● **AIM OF THE EXERCISE**
Drop the pictures; give again exactly the lines from the one holding "klap schrobben Revolutionair" through the end of the data.
::: RECORDS PROVIDED
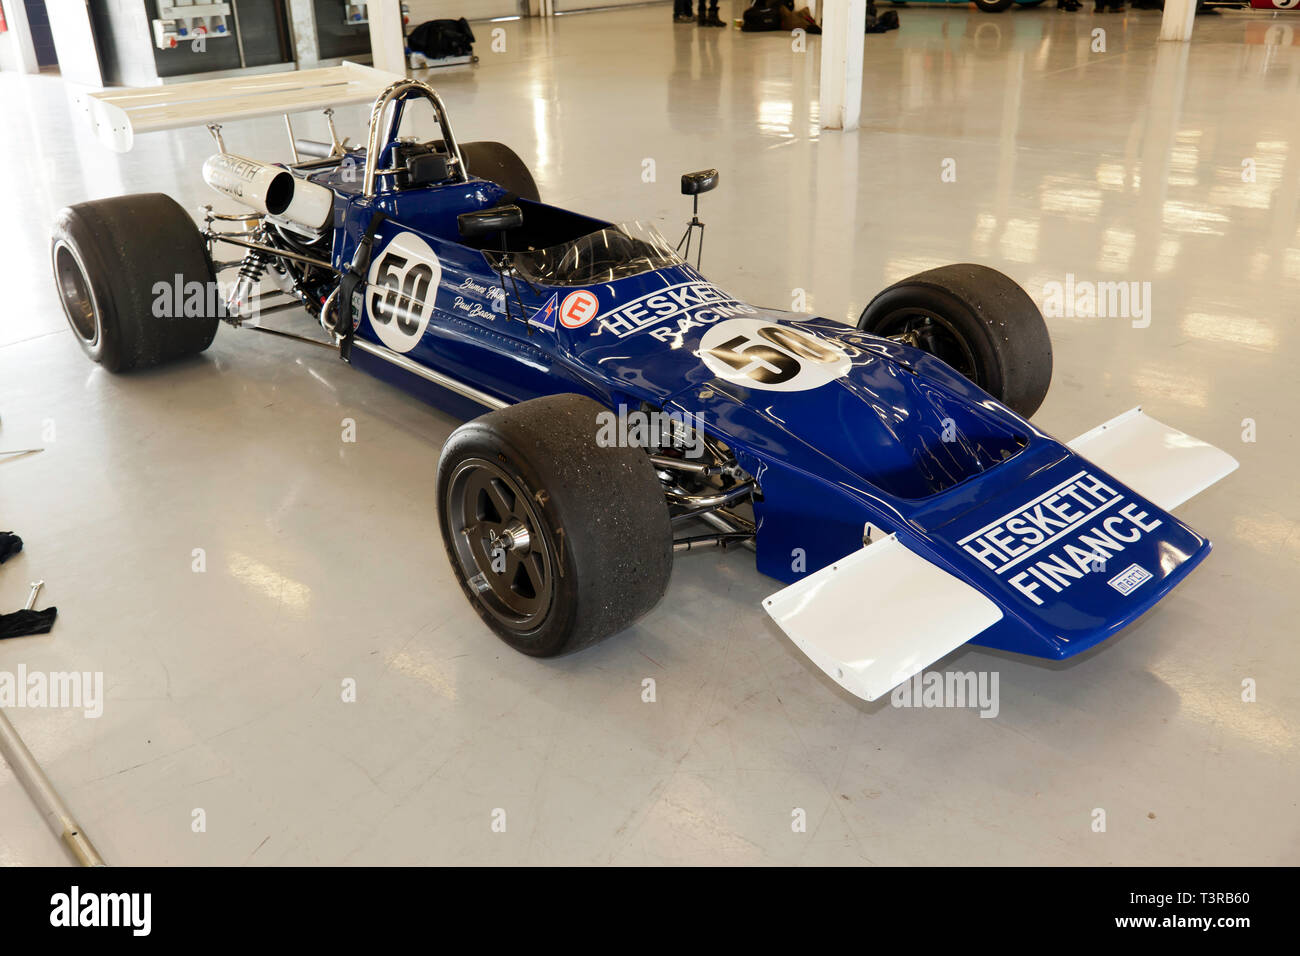 Ein Blau und Weiß, 1971, März 712 Historische Formel 2 Rennwagen, die einst von James Hunt gefahren, auf Anzeige in der Internationalen Pit Garagen, während der 2019 Silverstone Classic Media Day Stockfoto
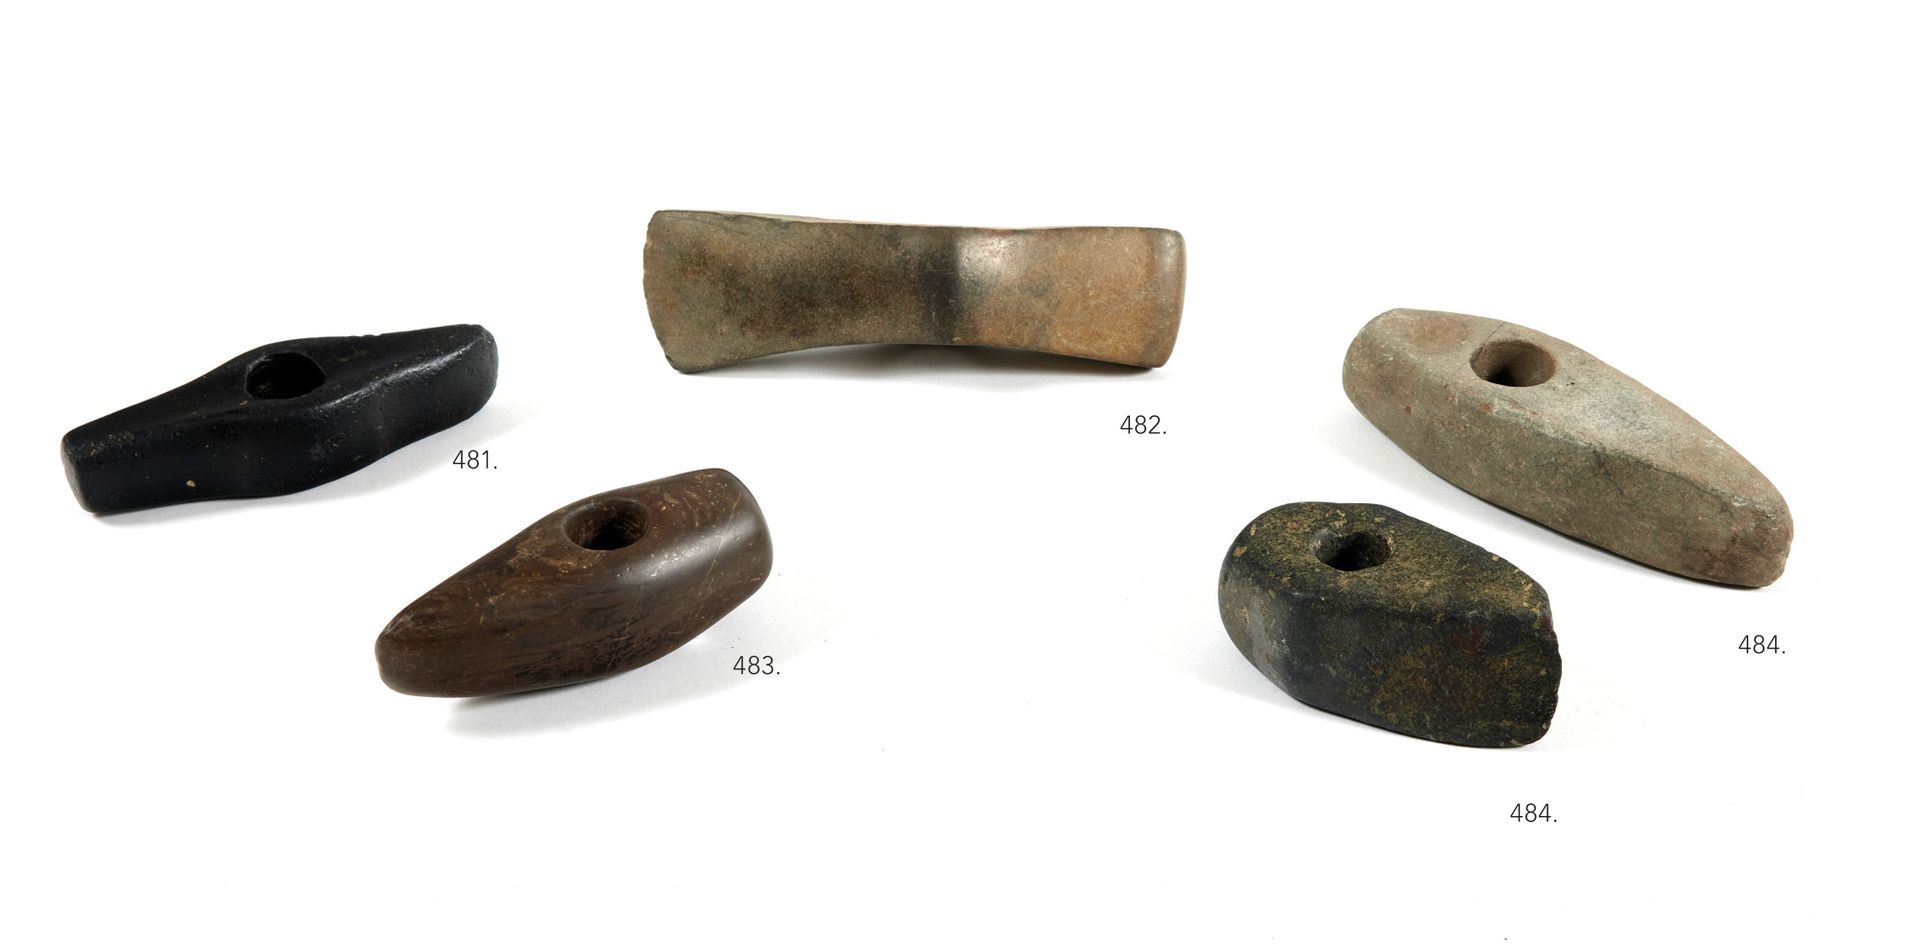 Hache-marteau 锤子-斧子

两侧有咽喉。

堇青石。边缘略显暗淡，鞋跟处有小缺口。

丹麦或德国，Chalcolithic。

长13,5厘米
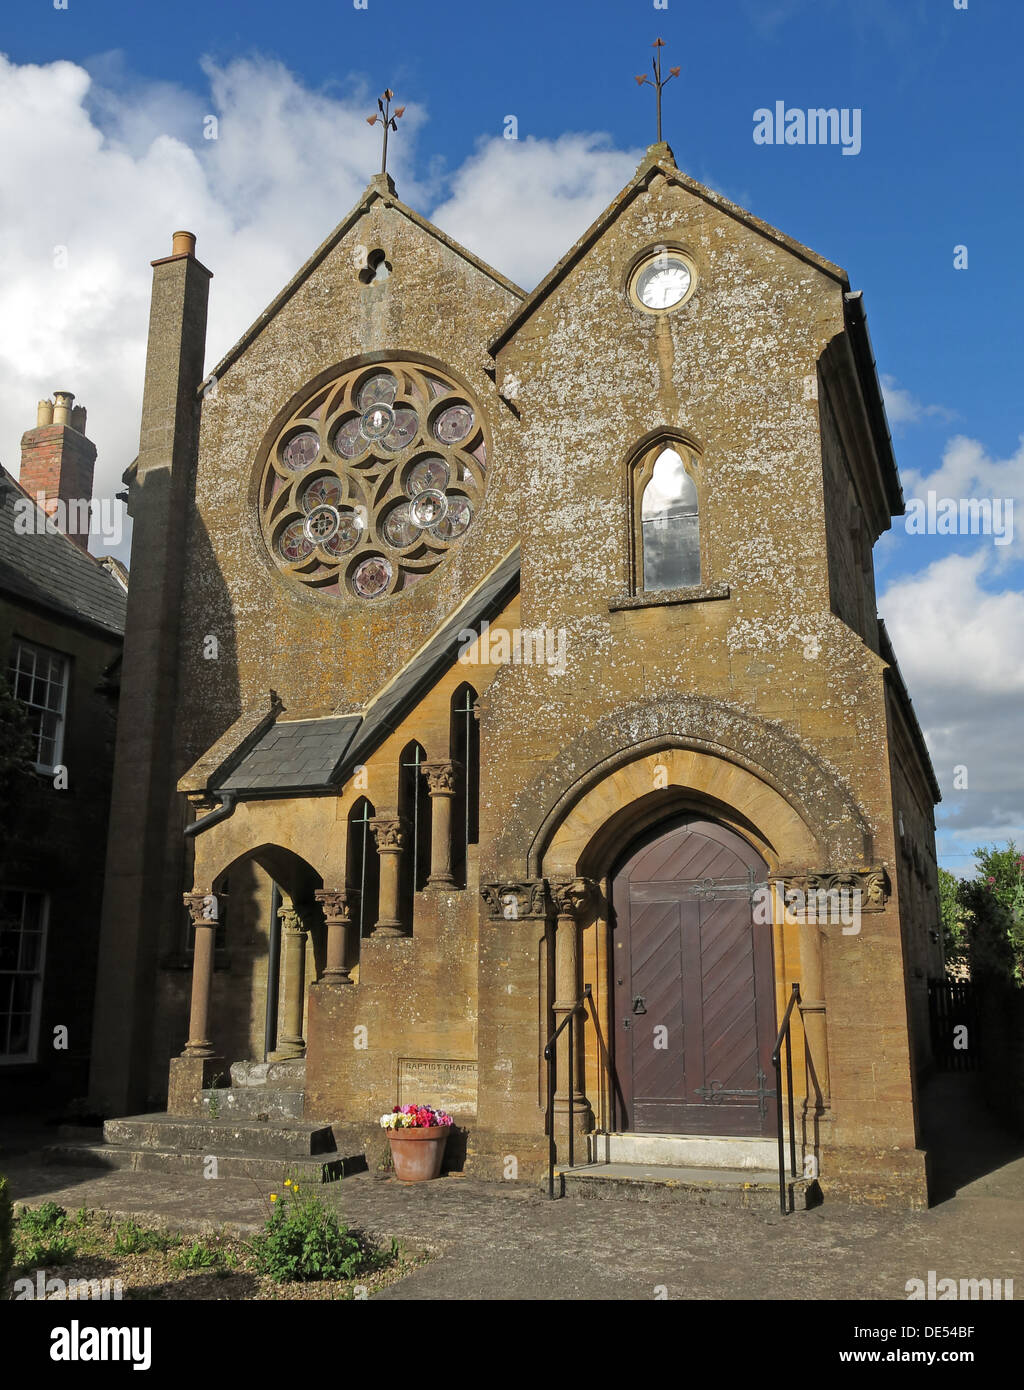 Église baptiste de Montecute, sud du Somerset, Angleterre, Royaume-Uni, dans le style anglais précoce Banque D'Images
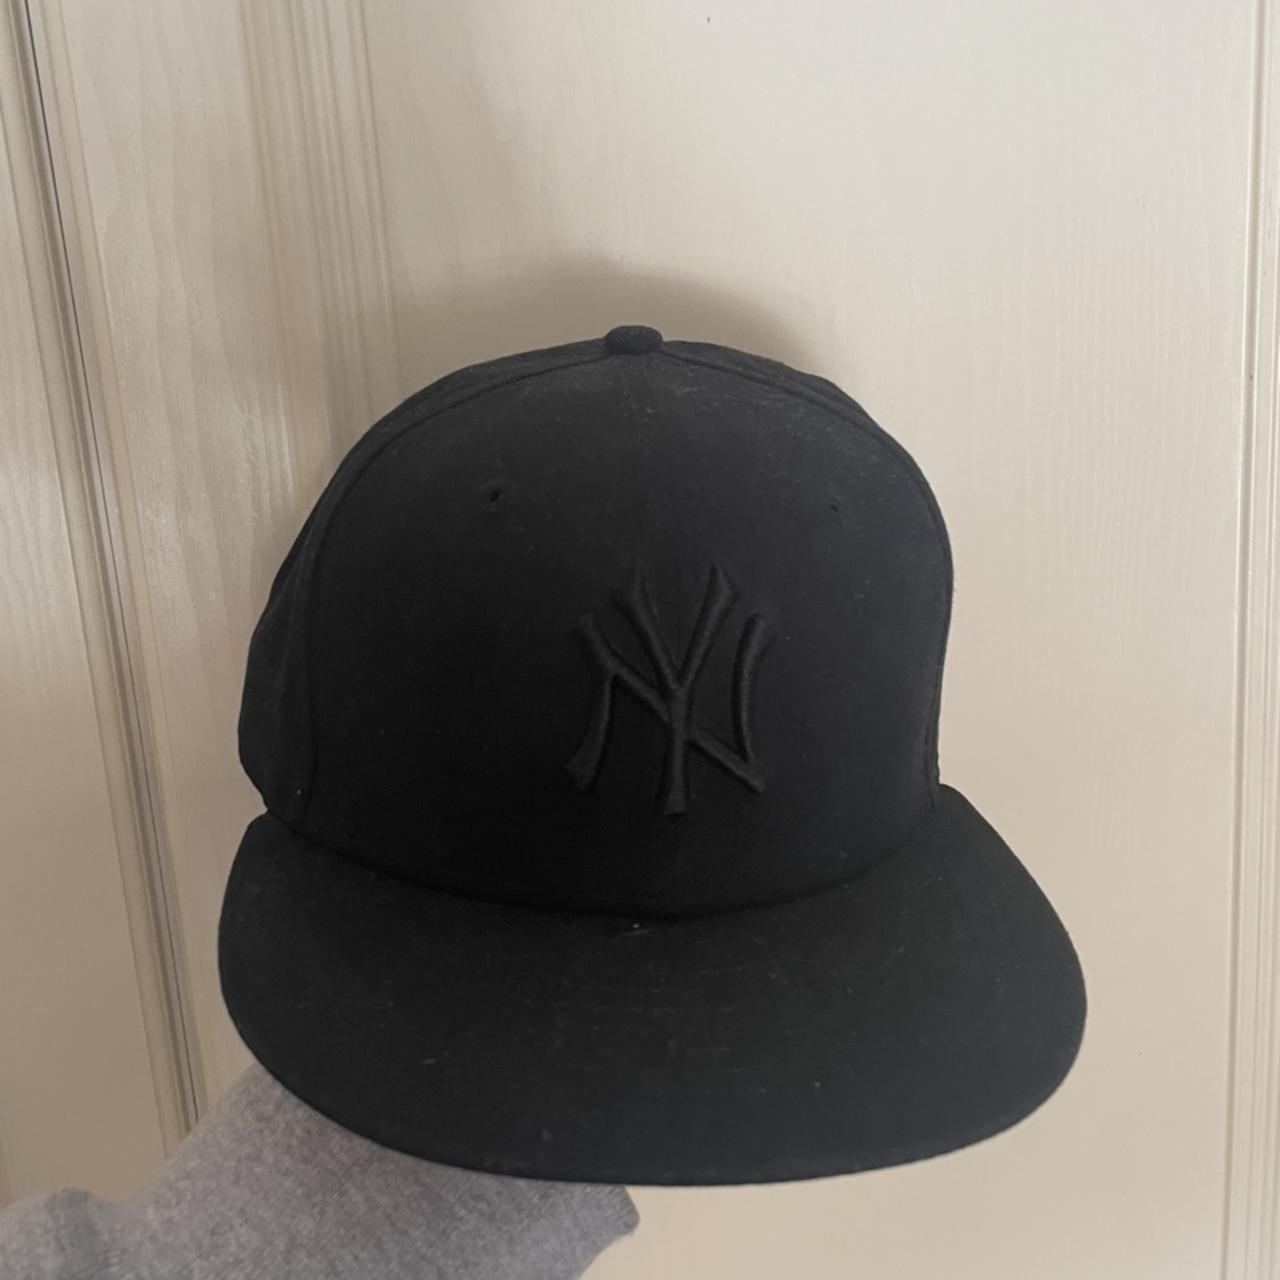 klap schrobben Revolutionair New era New York yankees Hat. Black with leopard... - Depop
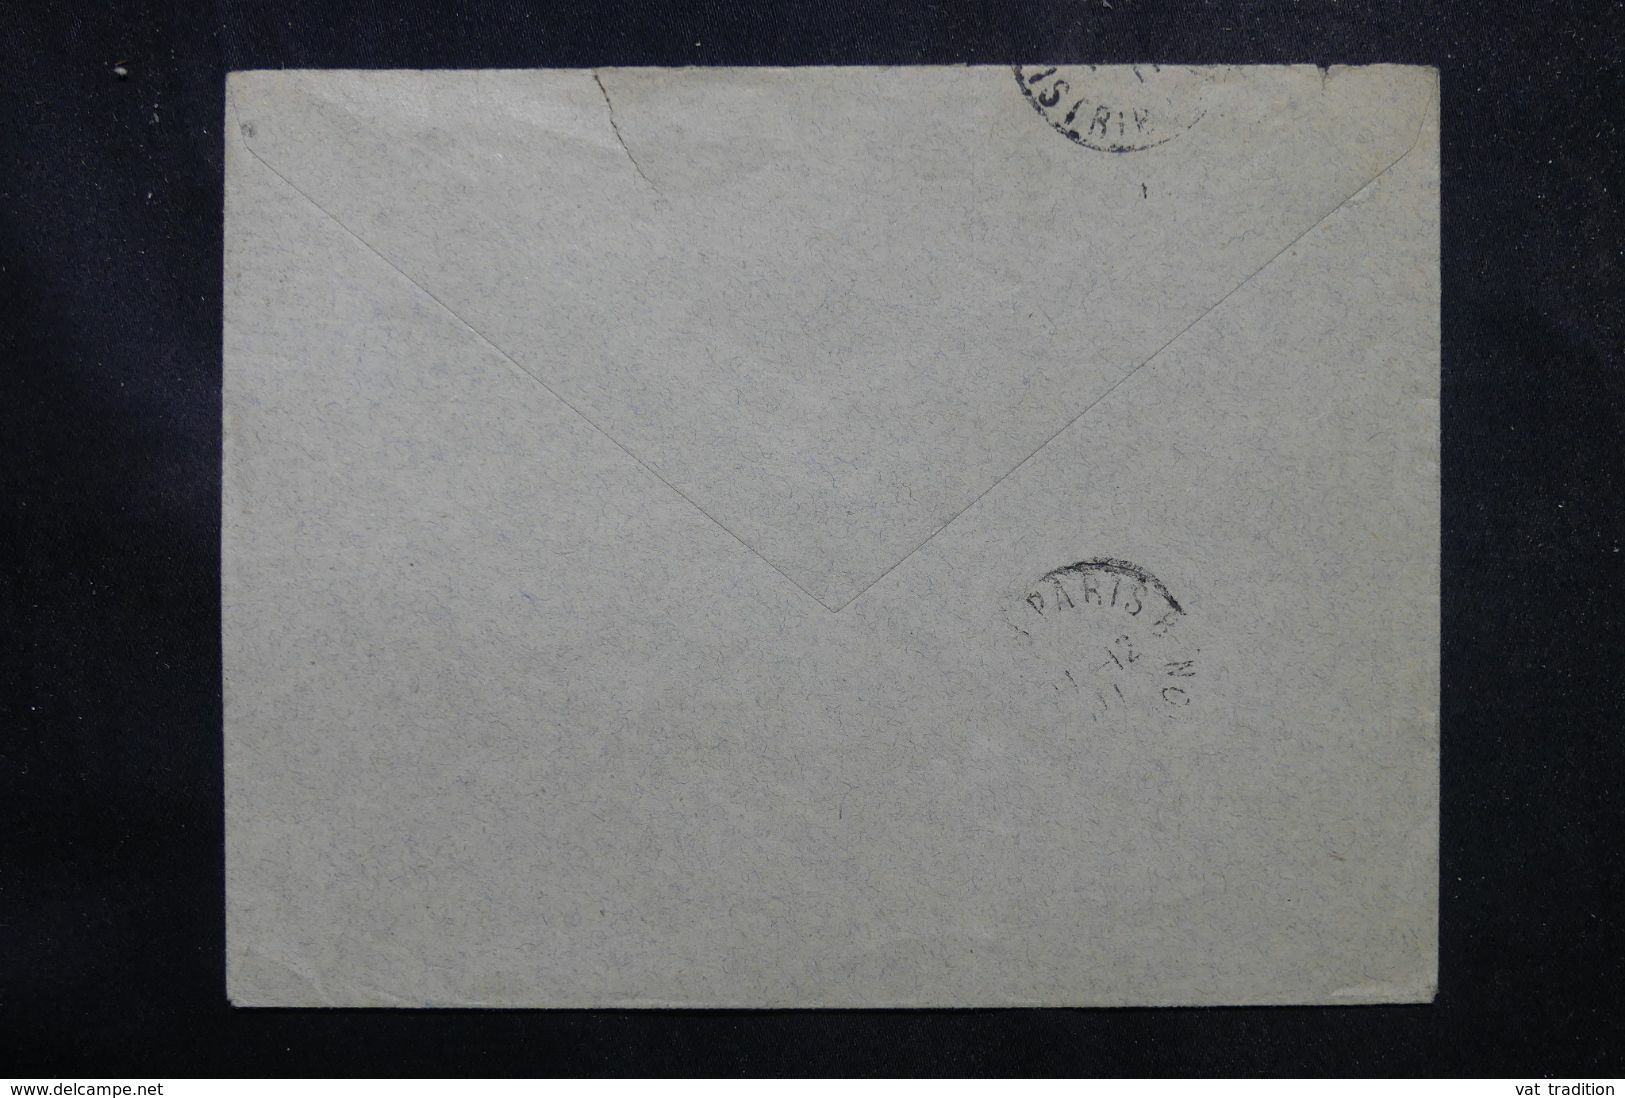 GUYANE - Enveloppe De Cayenne Pour Paris En 1911, Affranchissement Fourmilier - L 68939 - Briefe U. Dokumente
::::::
● **RESPONSE BOX**
 klap schrobben Revolutionair New era New York yankees Hat. Black with leopard... - Depop
 GUYANE - Enveloppe De Cayenne Pour Paris En 1911, Affranchissement Fourmilier - L 68939 - Briefe U. Dokumente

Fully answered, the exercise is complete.